* **Directions for this task**
An exact repetition of the data below, without images, is the expected answer.

START Given information

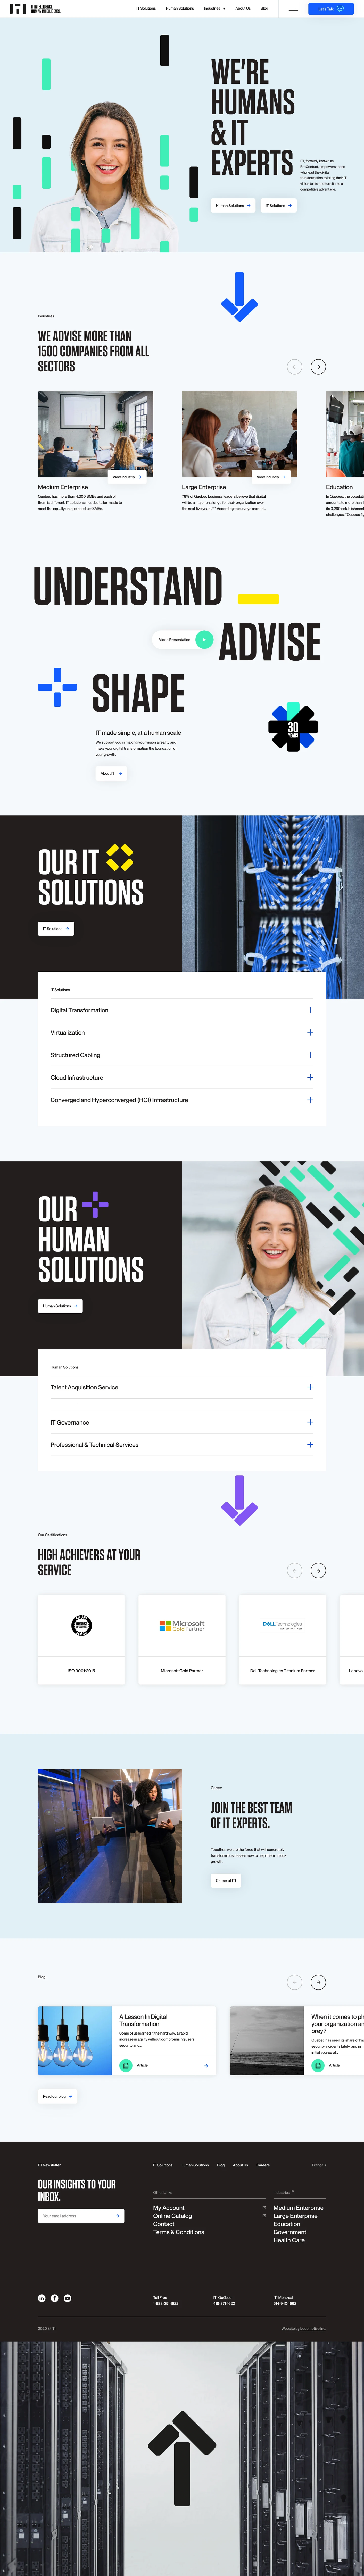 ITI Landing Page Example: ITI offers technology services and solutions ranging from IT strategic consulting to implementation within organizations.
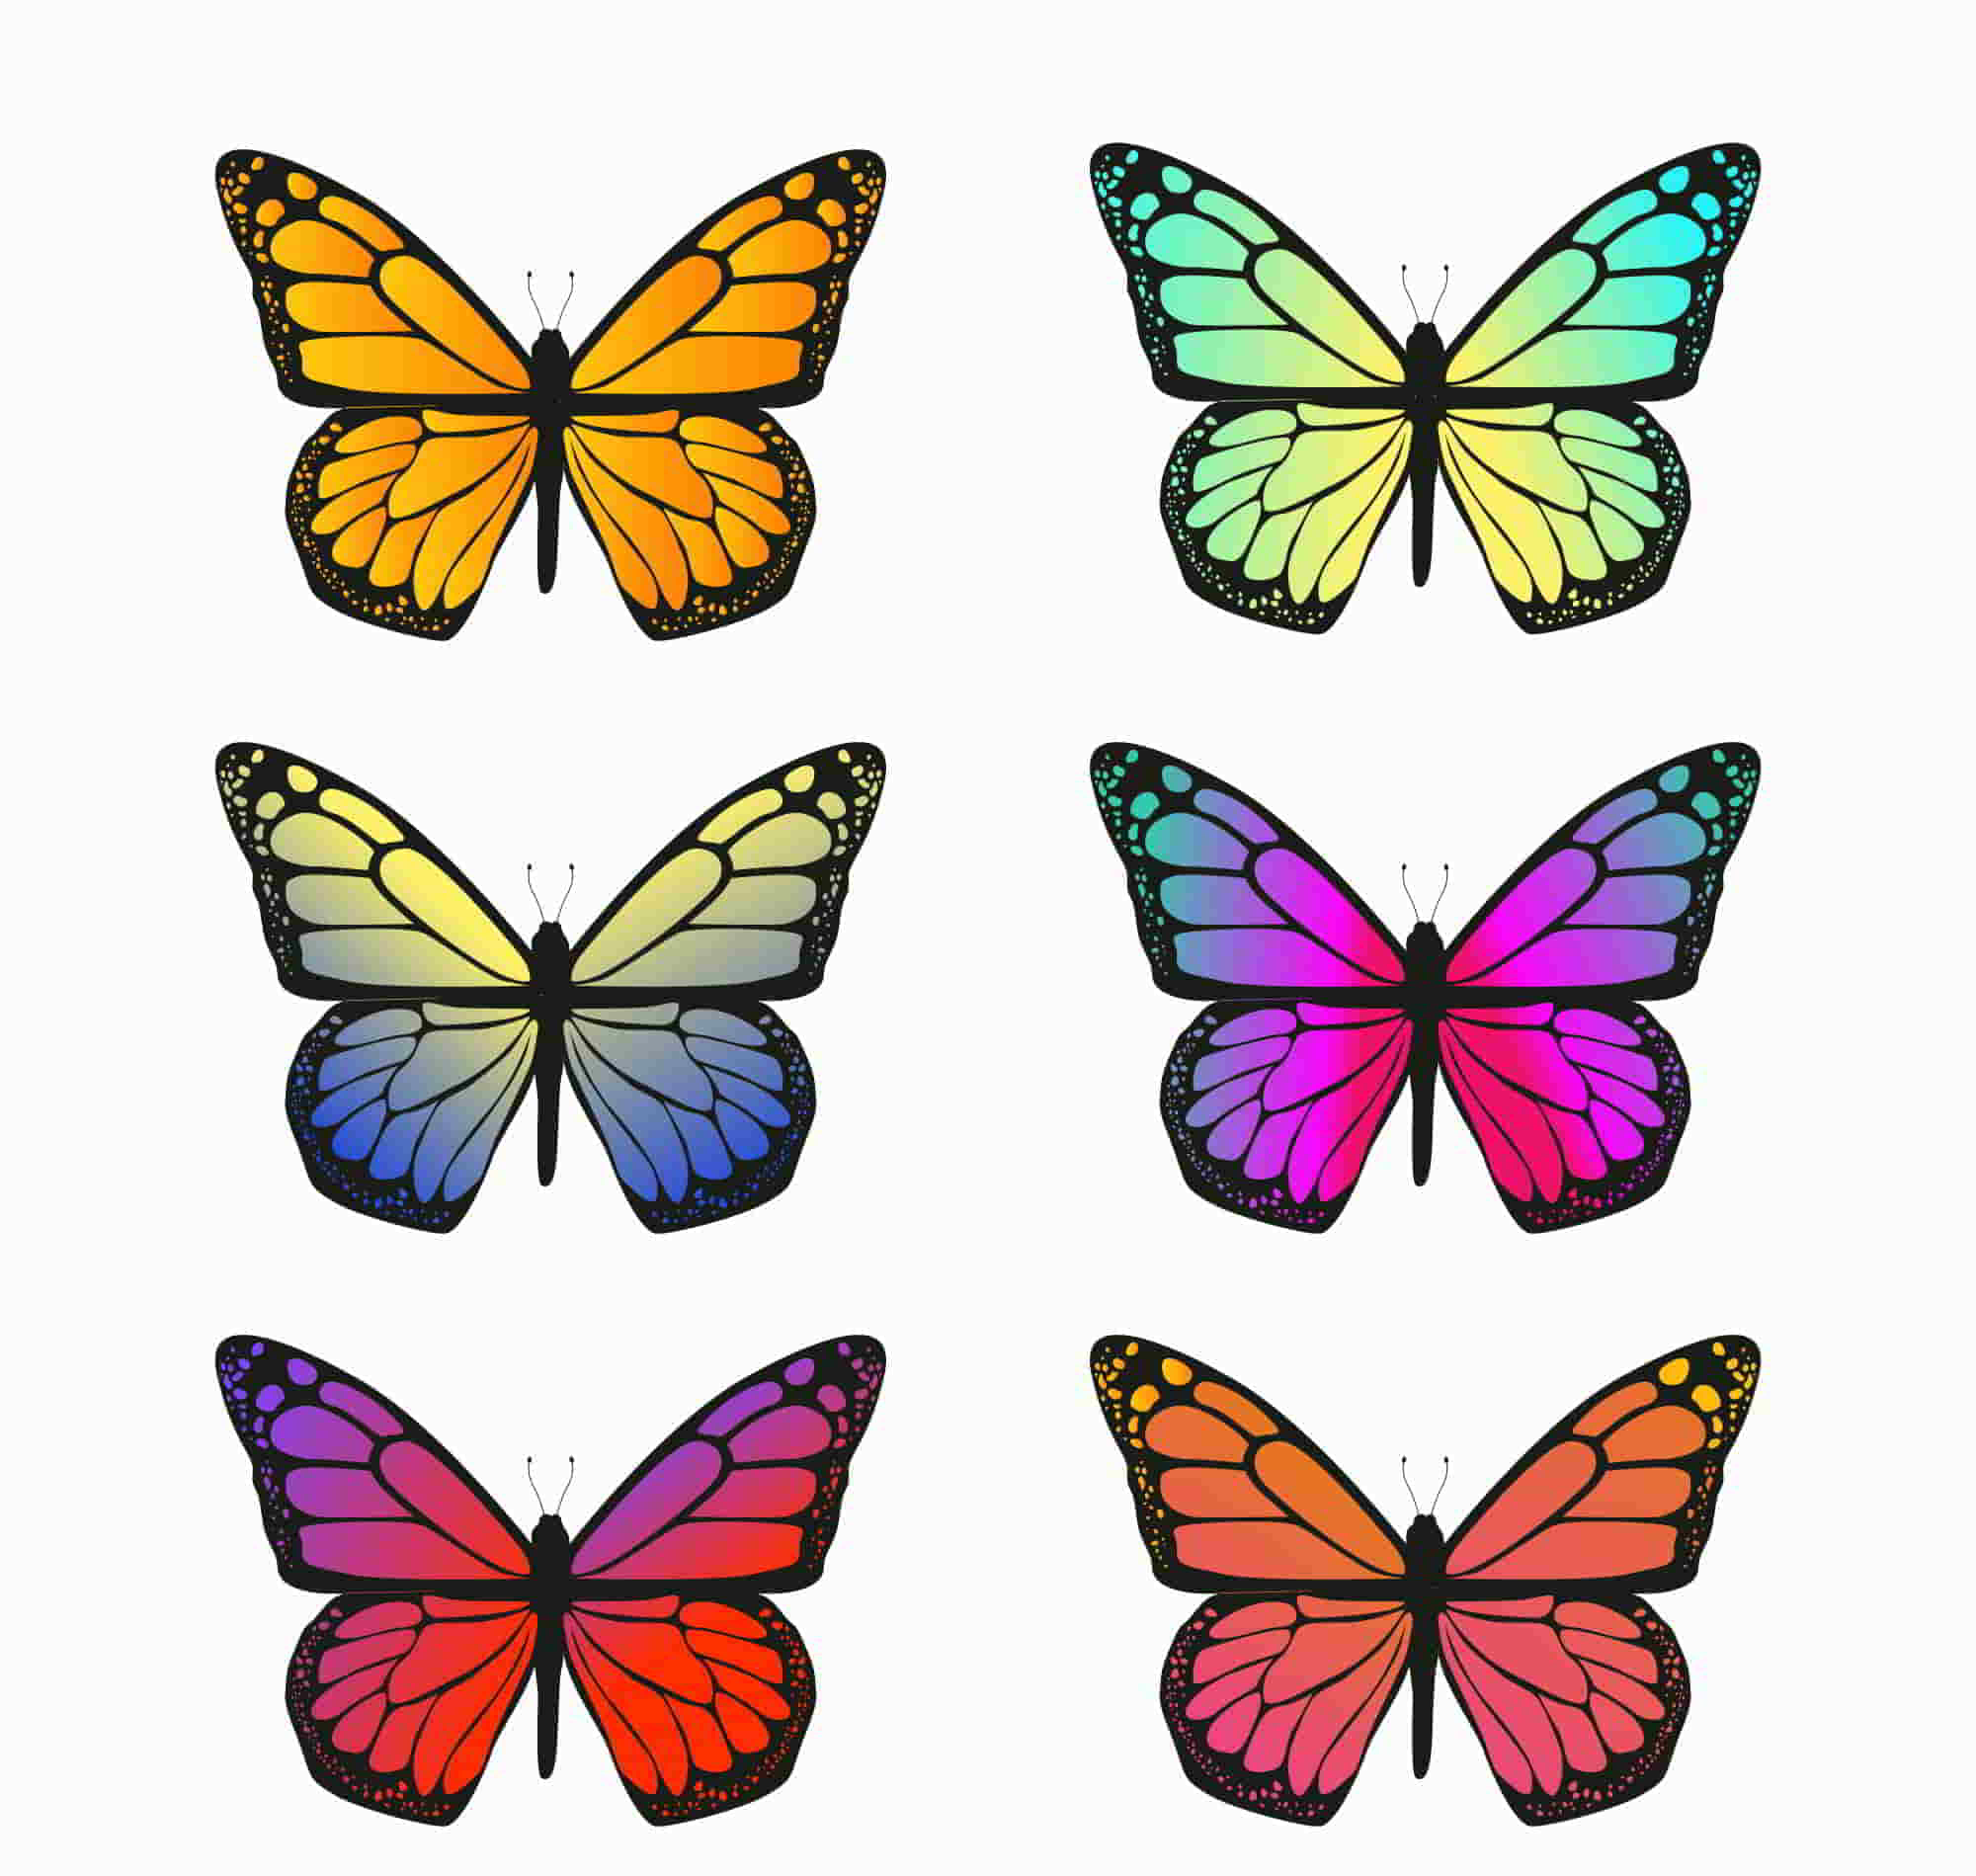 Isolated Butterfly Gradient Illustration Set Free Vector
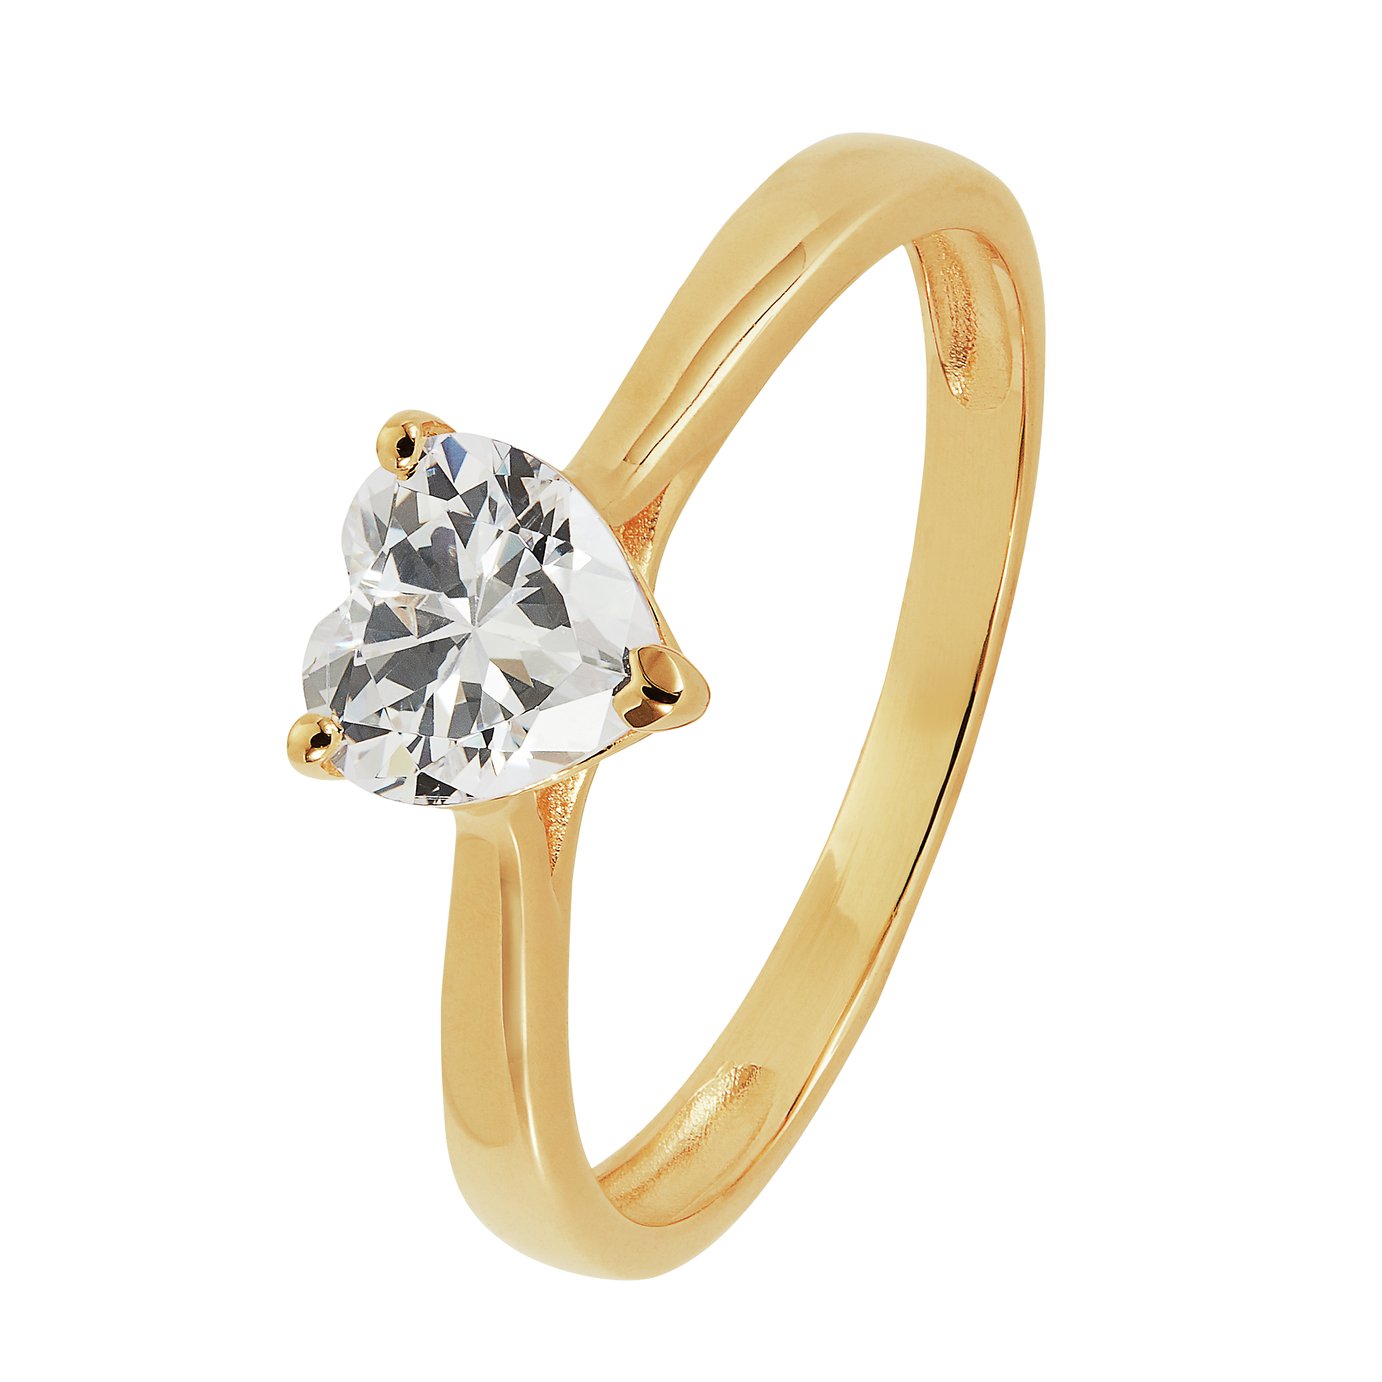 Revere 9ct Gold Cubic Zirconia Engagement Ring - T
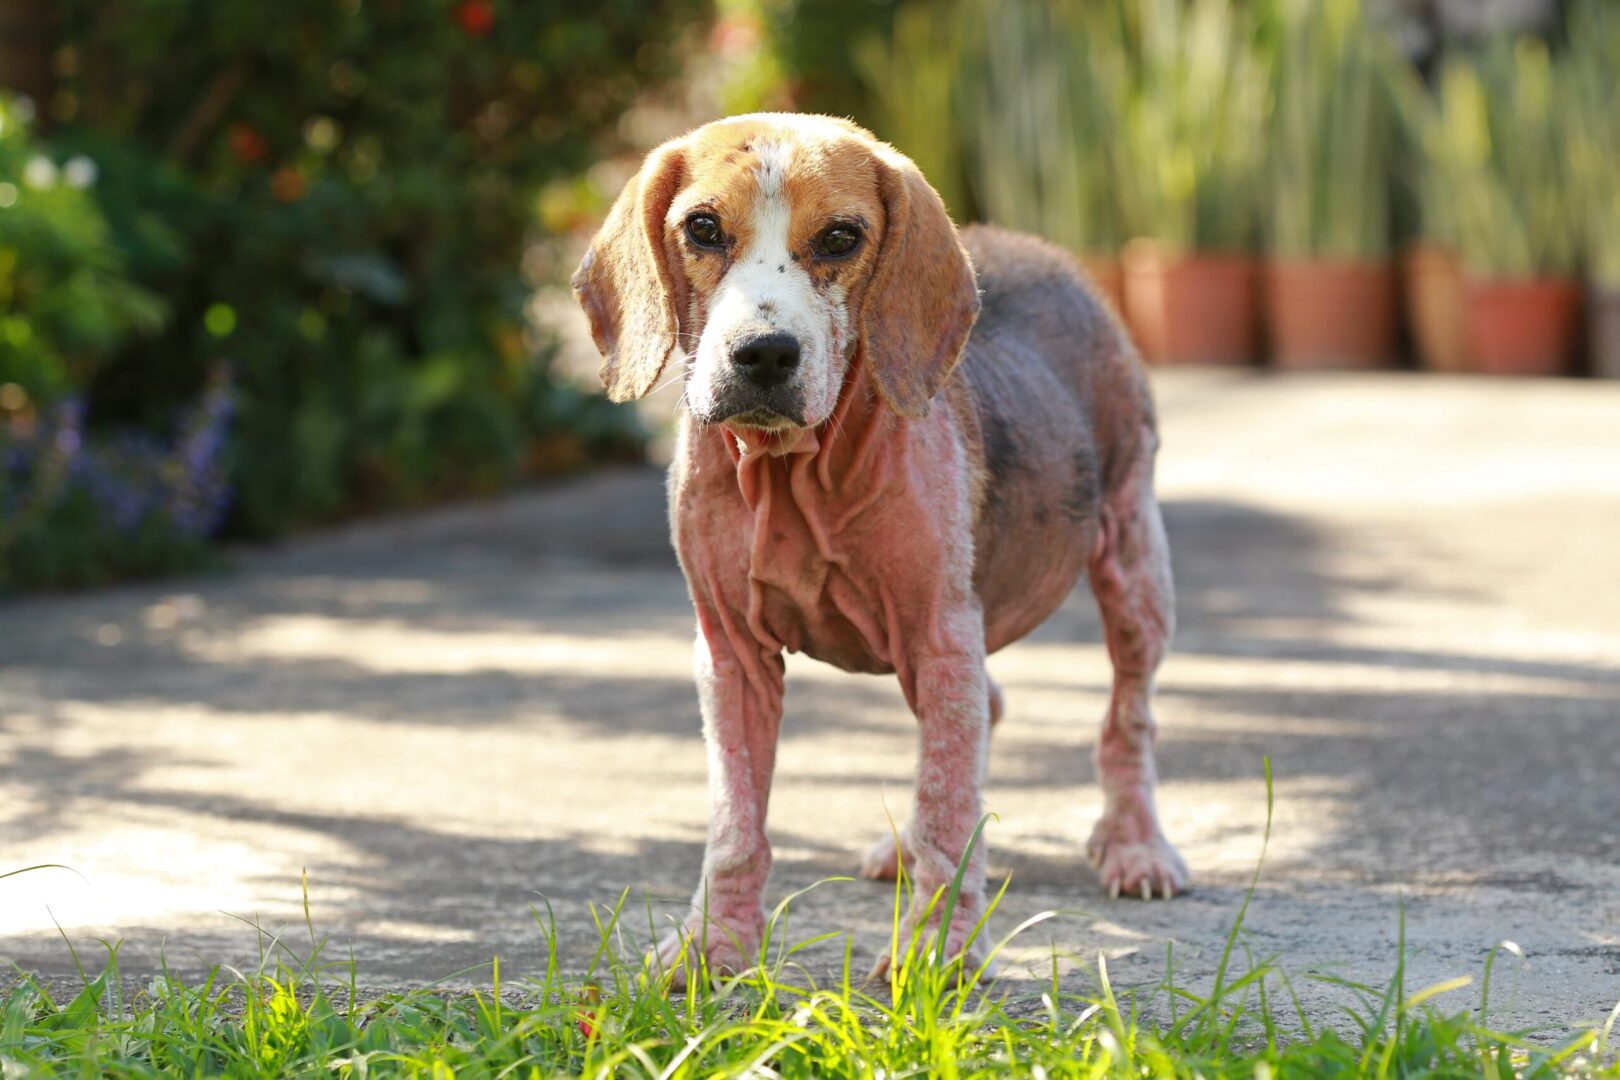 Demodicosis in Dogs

END Given information

* **Result**
 ITI Landing Page Example: ITI offers technology services and solutions ranging from IT strategic consulting to implementation within organizations.
 Isolated Butterfly Gradient Illustration Set Free Vector
 Revere 9ct Gold Cubic Zirconia Engagement Ring - T
 Demodicosis in Dogs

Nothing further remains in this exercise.